Quote ="Tre Cool"Do you think theyd let us play an otr game there next year? Looks like a great venue and has worked well in Oz playing TGG at cricket venues. Marketers dream too (get lost Gutterfax) as never been done before to my knowledge. Oval ball at the Oval?'"
It is a great venue, and Surrey CCC seem fairly innovative and proactive with marketing initiatives. (I think they'd do what they could to get the punters in even if our own club showed its usual inertia in that respect.) Unfortunately I think the clash of seasons would rule it out. Last day of cricket there this season is 7 September, and there's no way they'd let any code of football use it any earlier in the year than that. You're really only looking at October or November in terms of availability I think. If the Superleague season began and ended a month later it might be a goer.

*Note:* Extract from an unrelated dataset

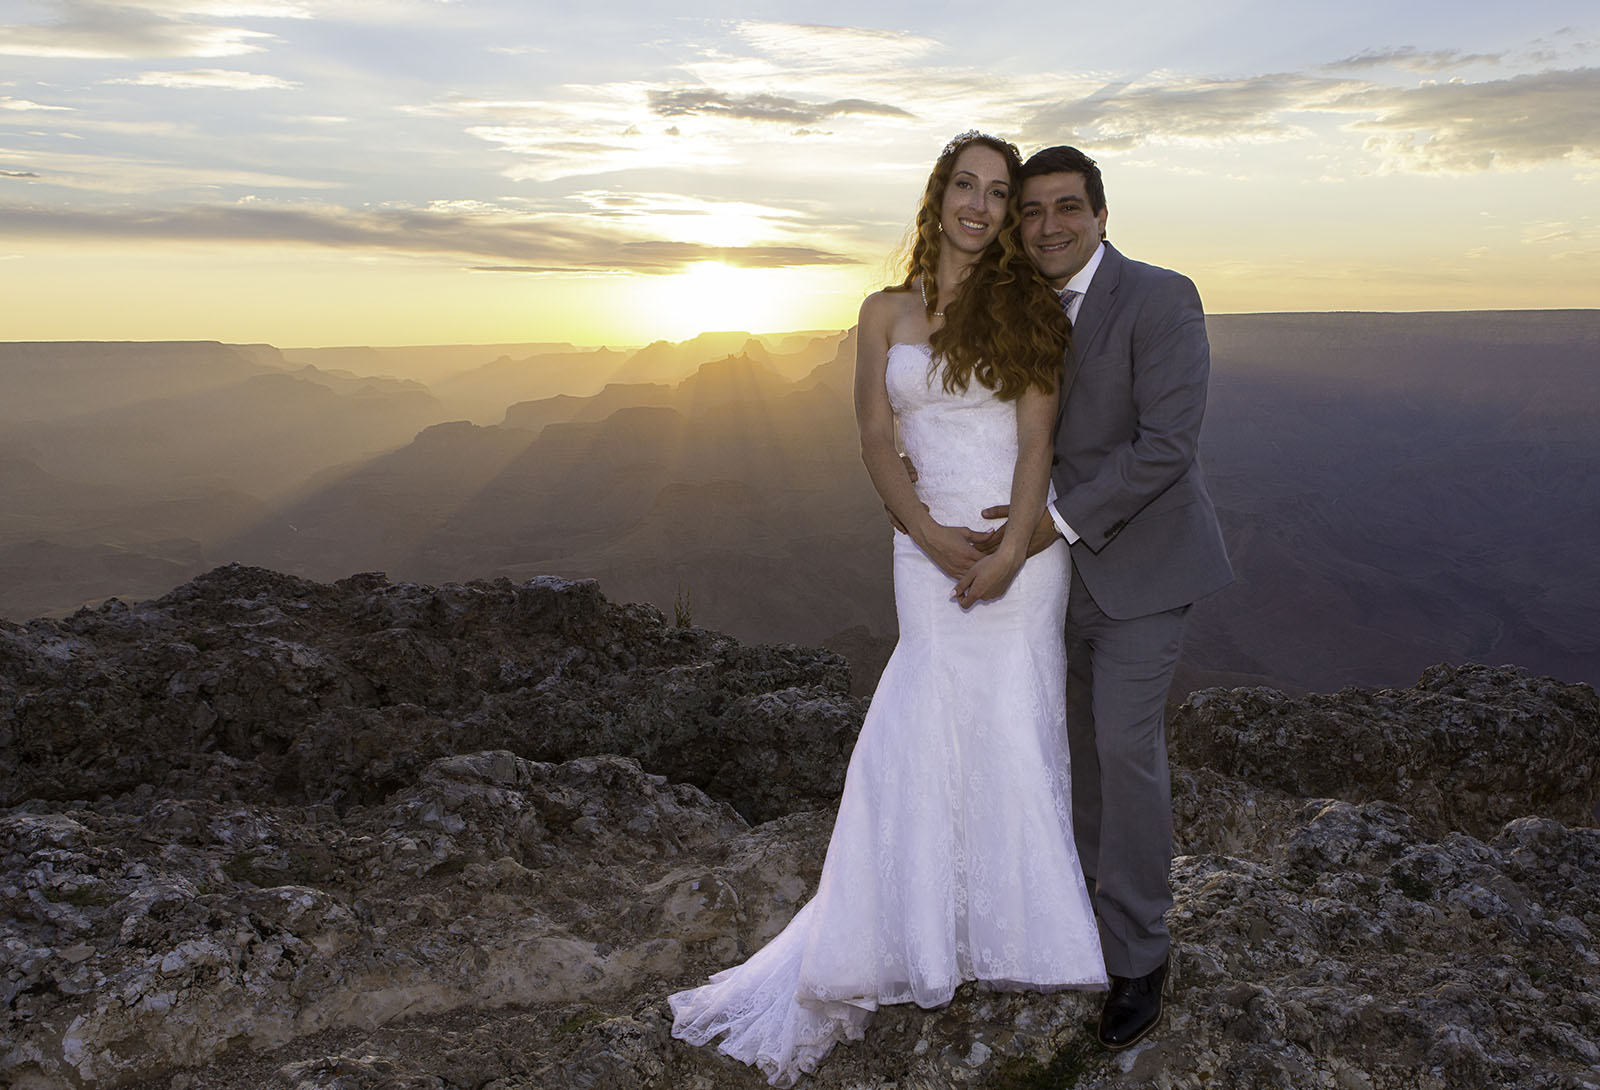 Sunset photo of a beautiful bride and groom getting married at the Grand Canyon.

Capacity is 23,500 and virtually the whole ground has been rebuilt during the last 25 years, so it's a fairly state of the art cricket ground these days with great corporate and members' facilities.
I saw the last Aussie Rules match there in October 2006 between Geelong and Port Adelaide and enjoyed it - I think it pulled around 15,000. (I'm not sure why it hasn't happened again since then, but don't think it's down to SCCC not wanting it.)
There's a football match due to be played there in early November this year between Royal Engineers and The Wanderers; the two clubs that contested the first ever FA Cup Final on the same ground in 1872.
The Oval probably has the best public transport links of any major sports ground in England. Only a couple of miles from the centre of the capital, it's got its own tube station with direct links to London Bridge, Waterloo, Euston and King's Cross, while Vauxhall tube/train station is only five minutes walk away, and there are various bus routes going in all directions.
Not sure I'd really want to watch RL in a cricket ground though. You'd be a long way from the action on at least some sides, depending exactly where the pitch was marked out. The Aussie Rules used the whole of the field and was marked out diagonally to the line of the cricket stumps.